To do this, create a report called Blue in parts, and within this create a basic table above. Eventually you'll set the back colour of each row to be an expression similar to:
However, we have to write the BackColour function first! To make a start on this, in your VB class create the following private variables and constants:
'the current certificate, whose name we are monitoring
Private Shared CurrentCertificate As String = ""
'whether to use the first colour or the second
Private Shared IfFirstColour As Boolean = True
'the two colours to use
Private Const FirstColour As String = "#FFEEFF"
Private Const SecondColour As String = "#EEFFEE"
Alternatively, if you're using C#:
// the current certificate, whose name we are monitoring
private static string CurrentCertificate = "";
// whether to use the first colour or the second
private static bool IfFirstColour = true;
// the two colours to use
private const string FirstColour = "#FFEEFF";
private const string SecondColour = "#EEFFEE";
Write a function called BackColour which spits out either the value of FirstColour or SecondColour, given a certificate name.

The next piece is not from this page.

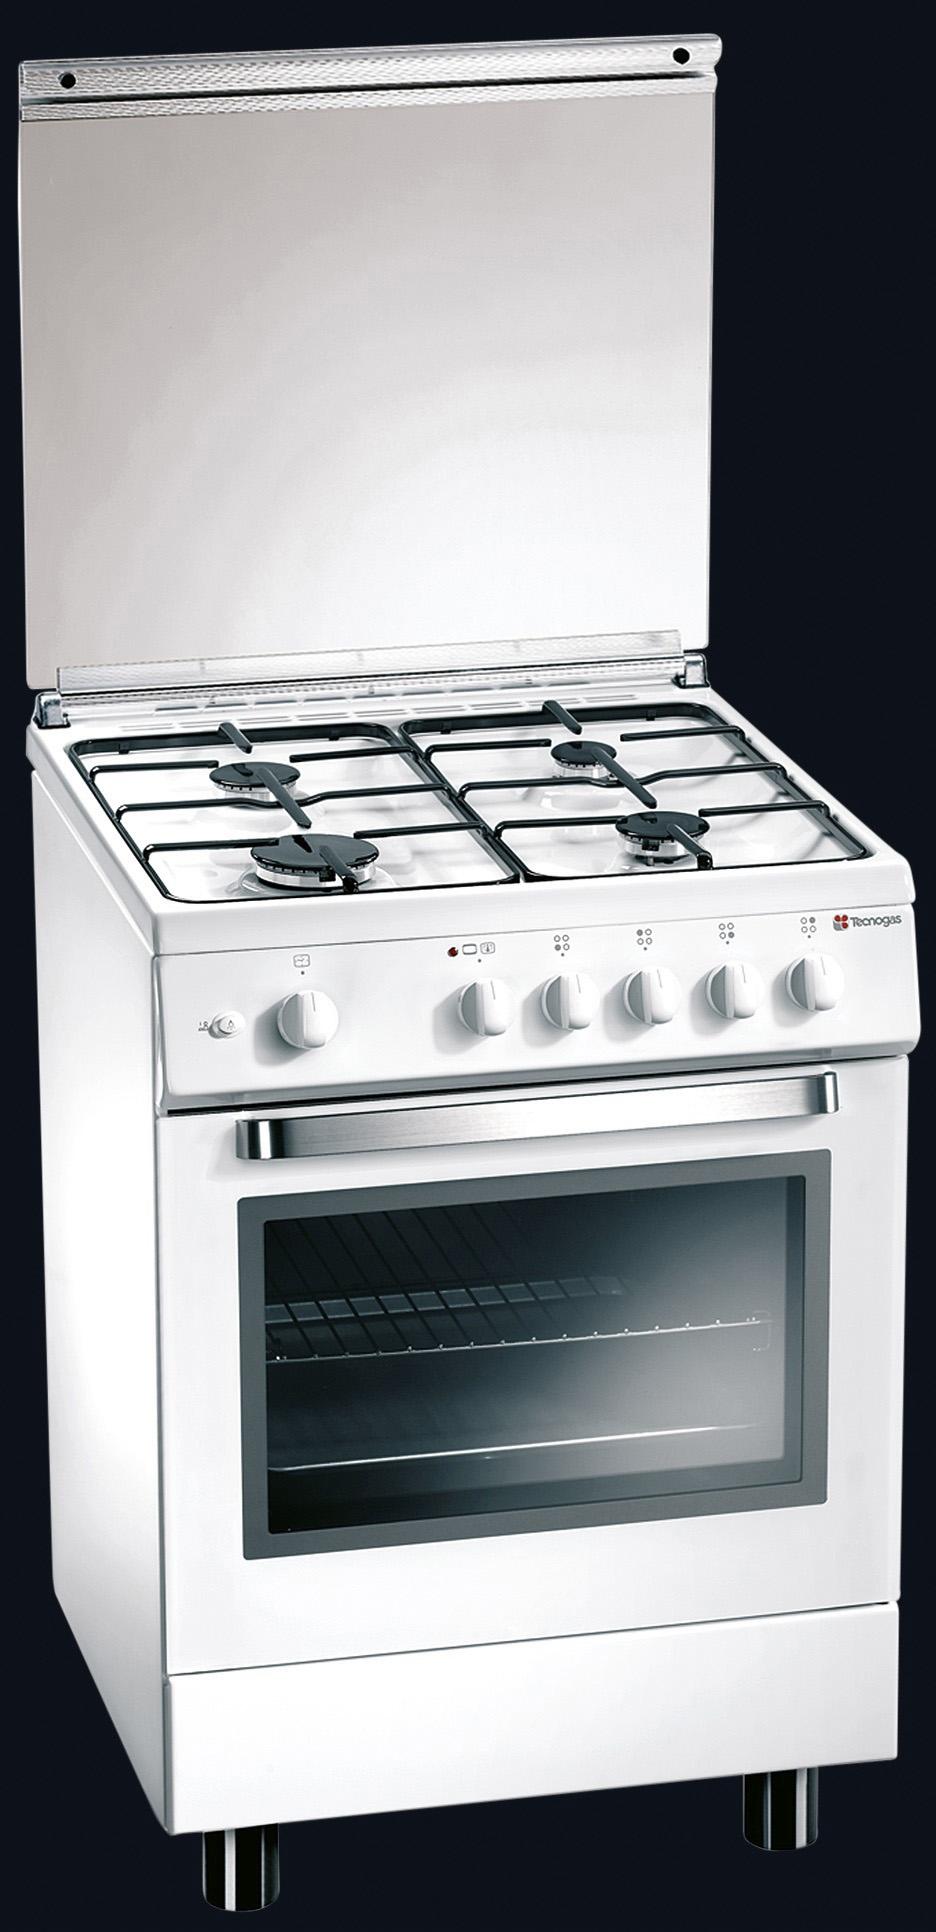 Tecnogas cucina a gas 4 fuochi forno elettrico multifunzione ventilato con grill larghezza x - Cucina con forno ventilato ...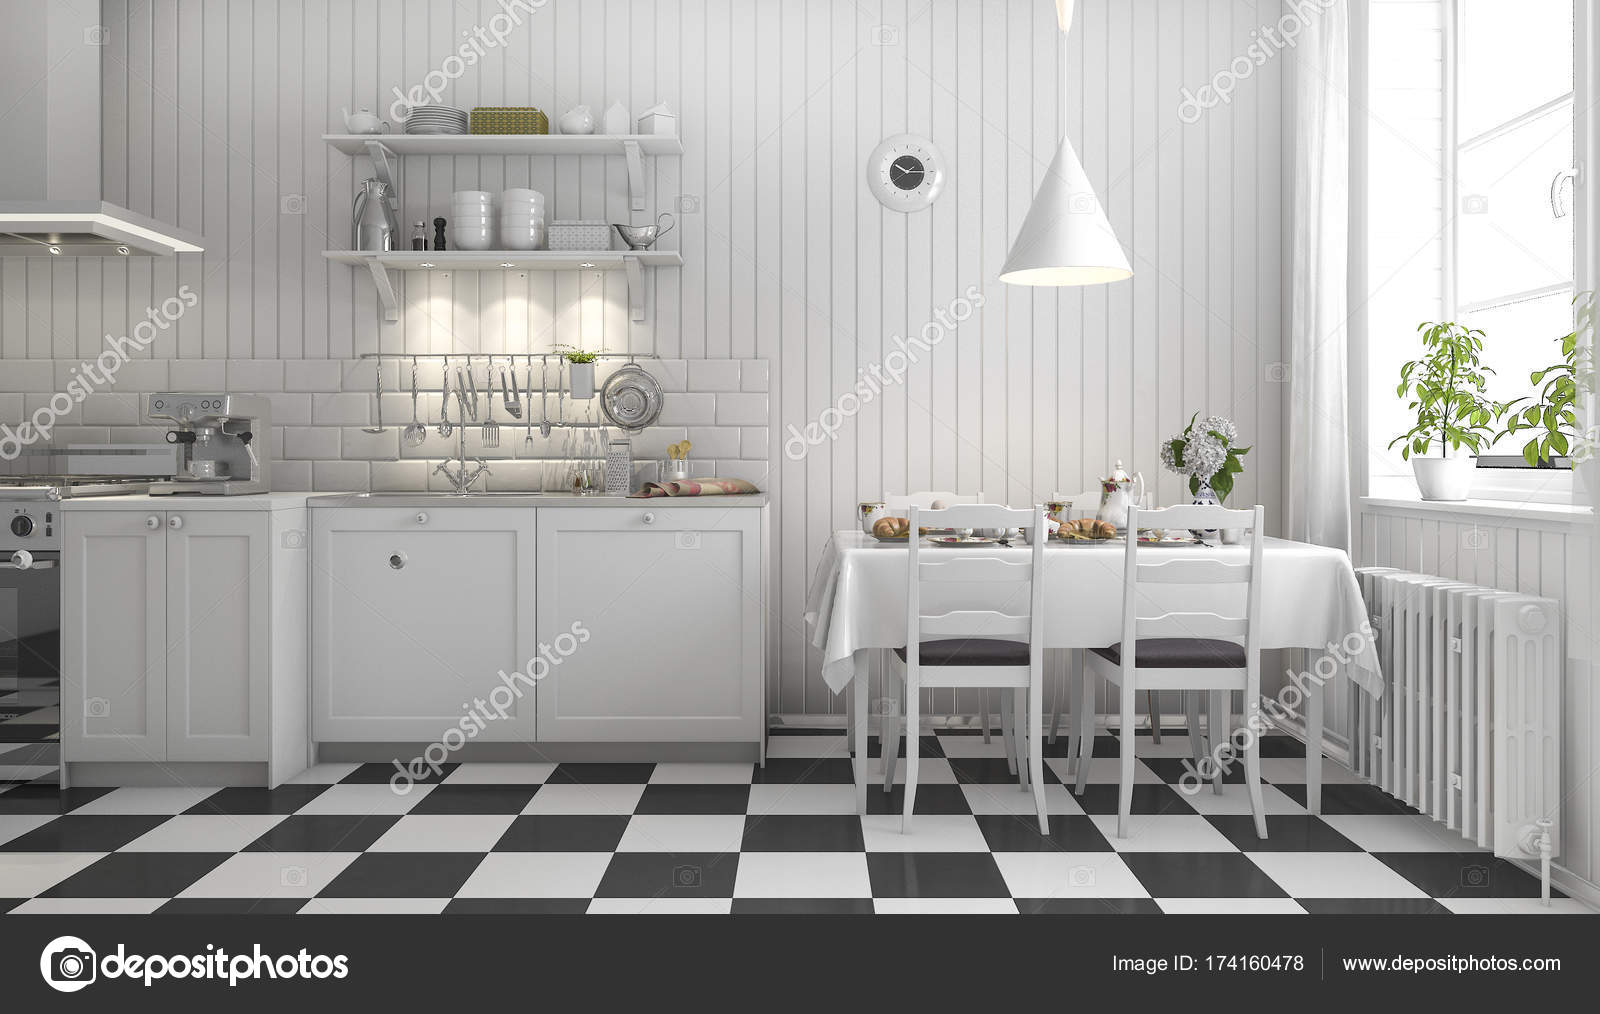 3D Rendu Belle Cuisine Scandinave Avec Décor De Carrelage Noiru2013 Images De  Stock Libres De Droits

For each certificate you should compare its name to the one held in the variable CurrentCertificate. If they're not the same, you should reset the value of the IfFirstColour flag, then reset CurrentCertificate to be the latest certificate name ready for the next call to the function.
When (if?) you've got all of this written and built, see if you can get your report working as shown at the start of this exercise!